Confusion about backward of clamp operation

Mirocos · January 8, 2023, 9:44am

    torch::Tensor t = torch::tensor(0.0 , torch::kFloat32);
    t.requires_grad_(true);
    std::vector<float> data{ -0.2, 0.3, 0.4, -0.1, -0.2, -0.2 };
    torch::Tensor a = torch::from_blob(data.data(), { 2, 3 }, torch::kFloat32);
    a.requires_grad_(true);
    auto mr = torch::clamp(a, t);
    mr.backward(torch::ones_like(mr));

    LOG(INFO) << t.grad();
    LOG(INFO) << a.grad();

I what to figure out the gradient of second parameter in clamp function.
And I have above code, dmrdt equals to 4 which looks like its gradient equals to the number of element that less than t(0.0).

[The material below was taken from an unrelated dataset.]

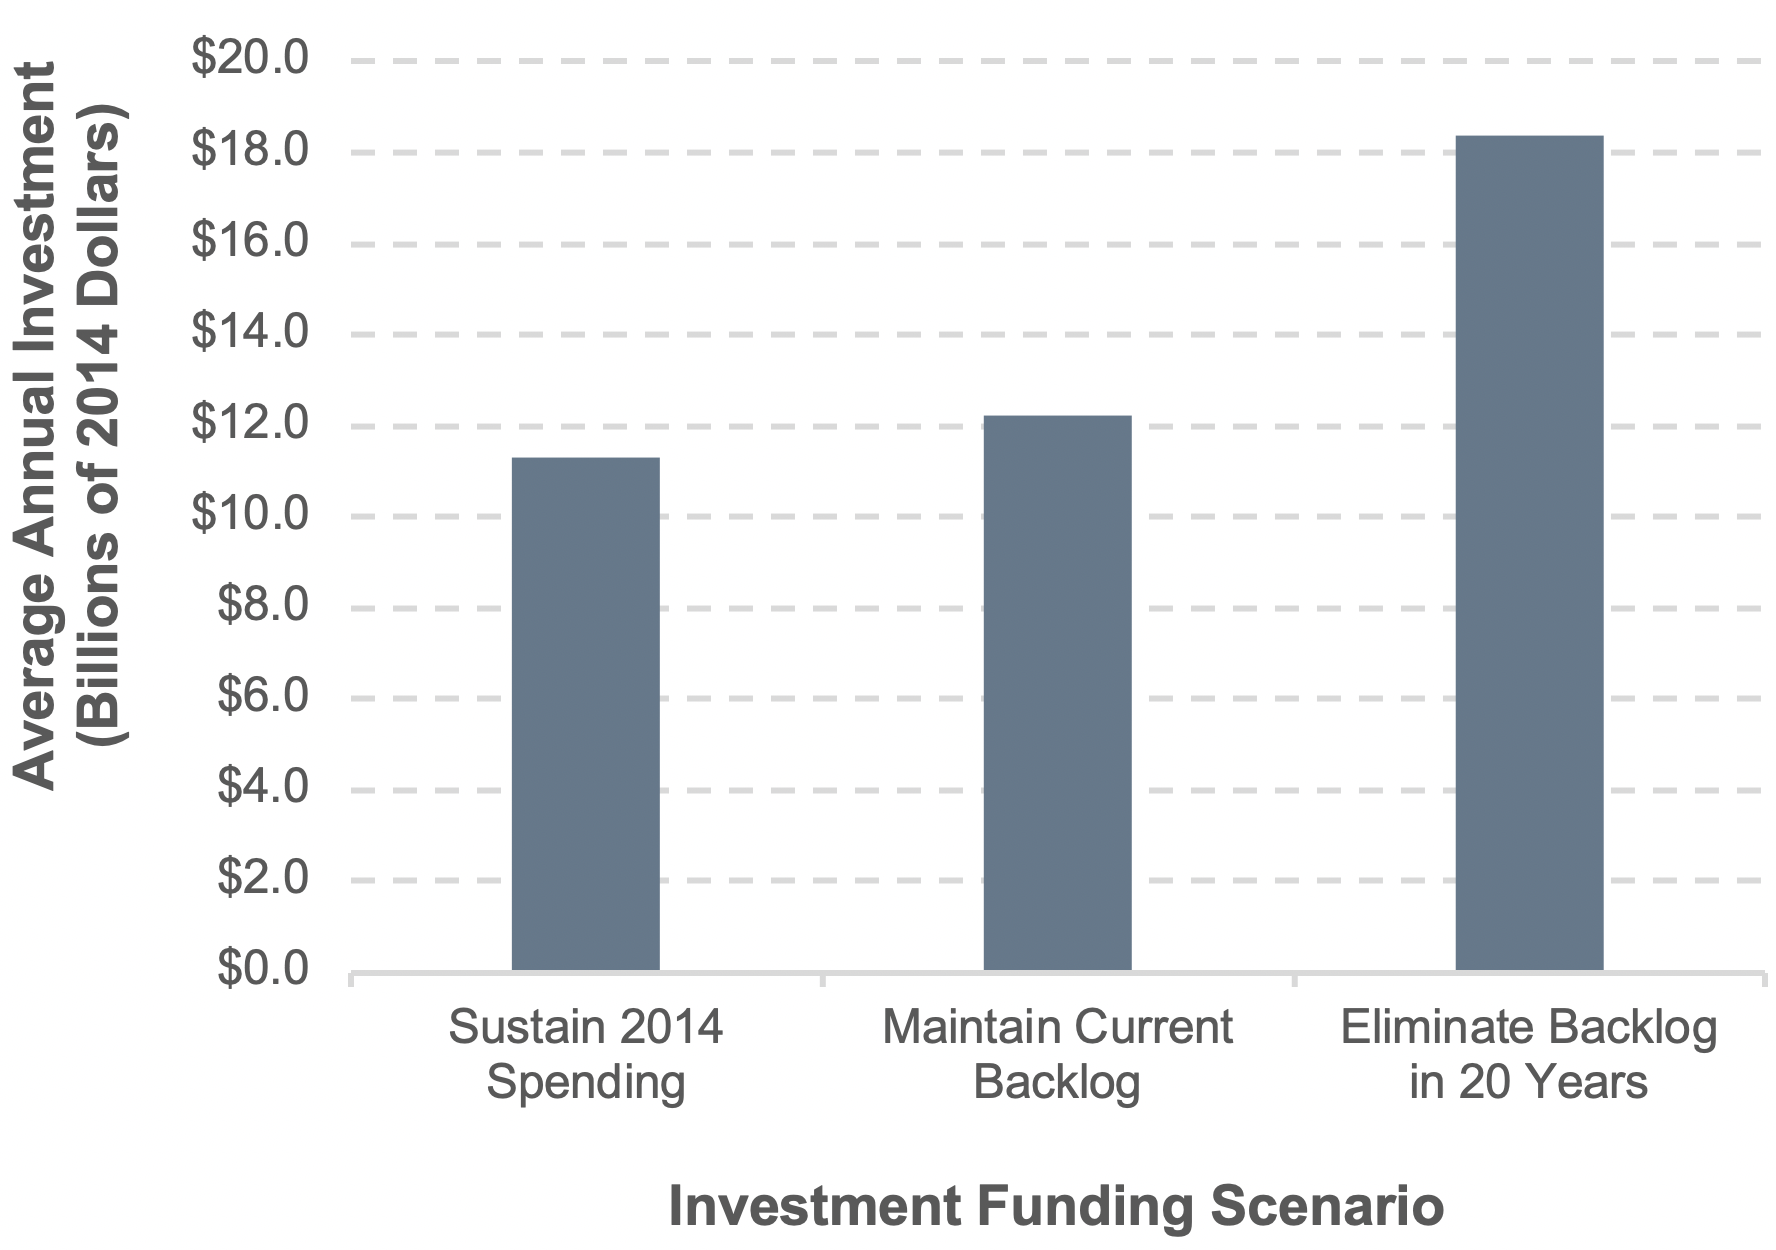 A bar chart shows average annual investment in billions of 2014 dollars under three scenarios. In the Sustain 2014 Spending scenario, average annual investment is $11.3 billion. In the Maintain Current Backlog scenario, average annual investment is $12.2 billion. In the Eliminate Backlog in 20 Years scenario, average annual investment is $18.4 billion. Source: Transit Economic Requirements Model.

I didn’t not found any souce code of torch::clamp in LibTorch, but only thing I cound found is something in Python style. It seems the blow code do not return the gradient of second parameter or third parameter.

class Clamp(Function):

    @staticmethod
    def forward(ctx, i, min_val, max_val):
        ctx._mask = (i.ge(min_val) * i.le(max_val))
        return i.clamp(min_val, max_val)

    @staticmethod
    def backward(ctx, grad_output):
        mask = Variable(ctx._mask.type_as(grad_output.data))
        return grad_output * mask, None, None

So what confused me is that how LibTorch produce the gradient of dmrdt?

ptrblck · January 8, 2023, 9:30pm

I think the derivative is defined here and this comment might be relevant:

For clamp, gradient is not defined at the boundaries. But empirically it’s helpful to be able to get gradient on min and max, so we return the subgradient 1 for these cases.